I want to calculate count of rows before current row in previous 1 year window by id.
Here's my data:
df <- structure(list(id = c("1", "1", "1", "1",
"2", "2", "2", "2", "2", "2", "2",
"2", "2"), flag = c(1, 1, 0, 1, 0, 0, 1, 1,
1, 1, 1, 1, 1), date = structure(c(15425, 15456, 16613,
16959, 15513, 15513, 15625, 15635, 15649, 15663, 15670, 16051,
16052), class = "Date")), sorted = "id", class = c("data.table",
"data.frame"), row.names = c(NA, -13L))
roll_sum <- c(0, 1, 0, 1, 0, 1, 2, 3, 4, 5, 6, 0, 1)
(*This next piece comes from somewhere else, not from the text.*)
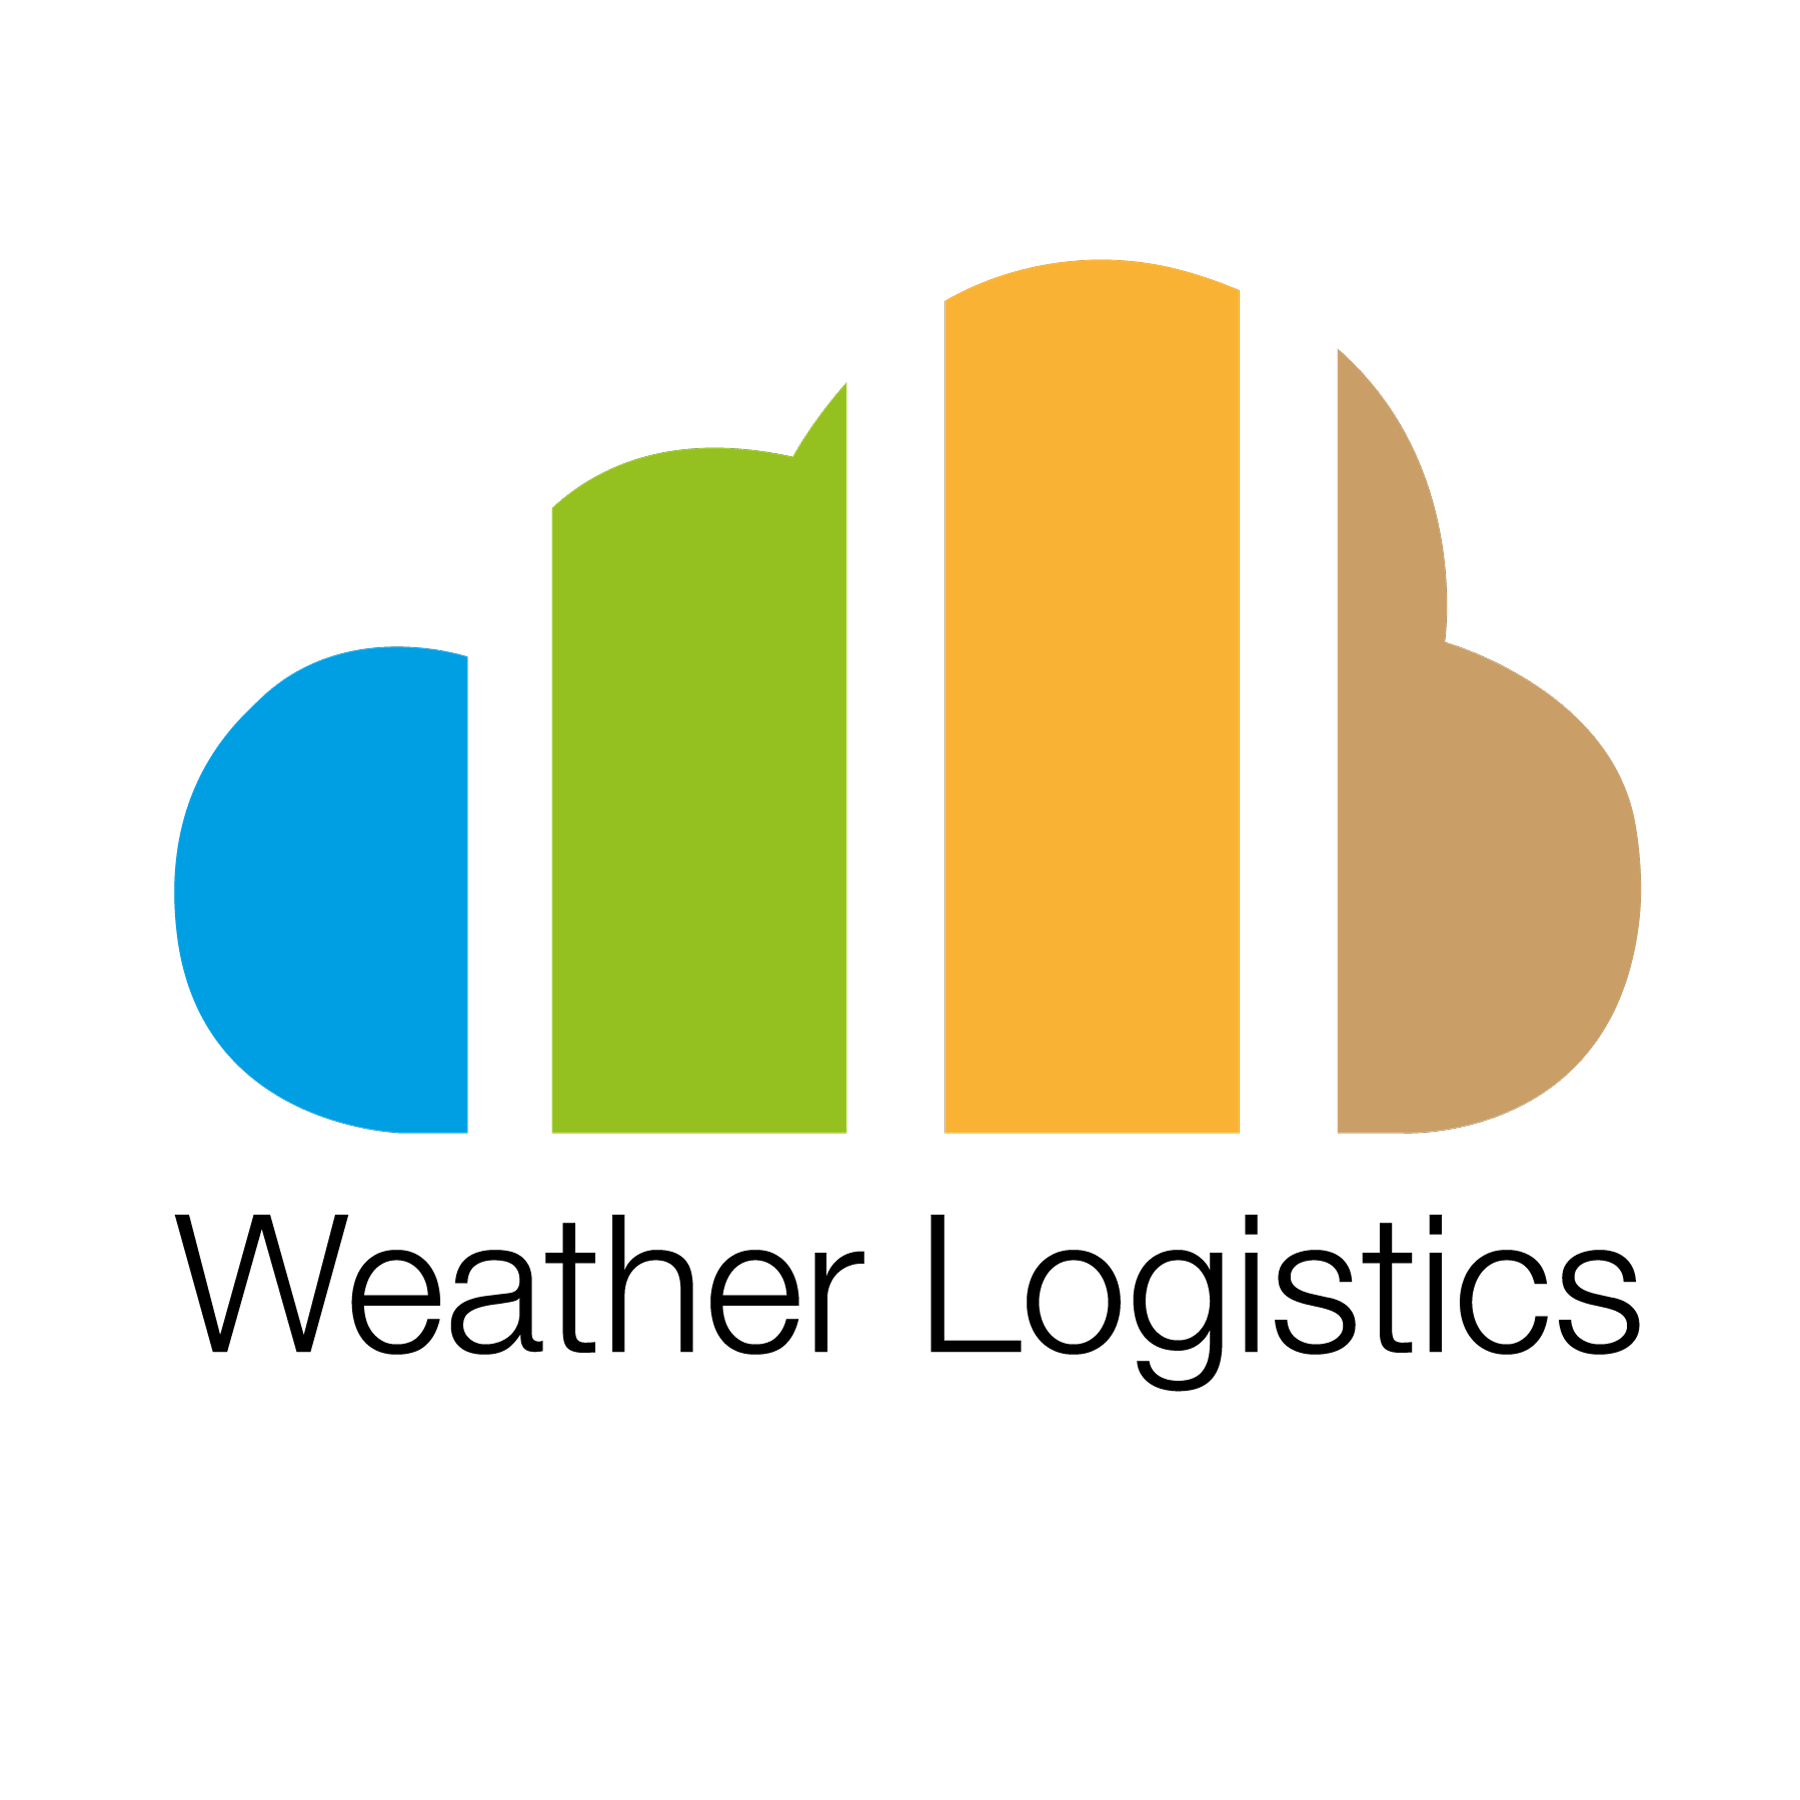 Weather Logo - Weather Logistics. Seasonal Climate Forecasts

flag_sum <- c(0, 1, 0, 0, 0, 0, 0, 1, 2, 3, 4, 0, 1)
df_desired <- cbind(df, roll_sum) # roll_sum: number of rows excluding current row in 1 year time frame rolling
df_desired <- cbind(df_desired, flag_sum) # flag_sum: number of rows excluding current row in 1 year time frame rolling where flag was 1
Data:
id flag date
1: 1 1 2012-03-26
2: 1 1 2012-04-26
3: 1 0 2015-06-27
4: 1 1 2016-06-07
5: 2 0 2012-06-22
6: 2 0 2012-06-22
7: 2 1 2012-10-12
8: 2 1 2012-10-22
9: 2 1 2012-11-05
10: 2 1 2012-11-19
11: 2 1 2012-11-26
12: 2 1 2013-12-12
13: 2 1 2013-12-13
Output:
df_desired
id flag date roll_sum flag_sum
1: 1 1 2012-03-26 0 0
2: 1 1 2012-04-26 1 1
3: 1 0 2015-06-27 0 0
4: 1 1 2016-06-07 1 0
5: 2 0 2012-06-22 0 0
6: 2 0 2012-06-22 1 0
7: 2 1 2012-10-12 2 0
8: 2 1 2012-10-22 3 1
9: 2 1 2012-11-05 4 2
10: 2 1 2012-11-19 5 3
11: 2 1 2012-11-26 6 4
12: 2 1 2013-12-12 0 0
13: 2 1 2013-12-13 1 1
I tried solution given by G. Grothendieck using zoo
in Compute rolling sum by id variables, with missing timepoints, but it's giving me an error:
Error in merge.zoo(z, g) : series cannot be merged with non-unique index entries in a series In addition: Warning message: In zoo(count, date) :
I made date column unique using make.index.unique
and make.time.unique
.
Any help with an optimized solution would be appreciated.Thanks.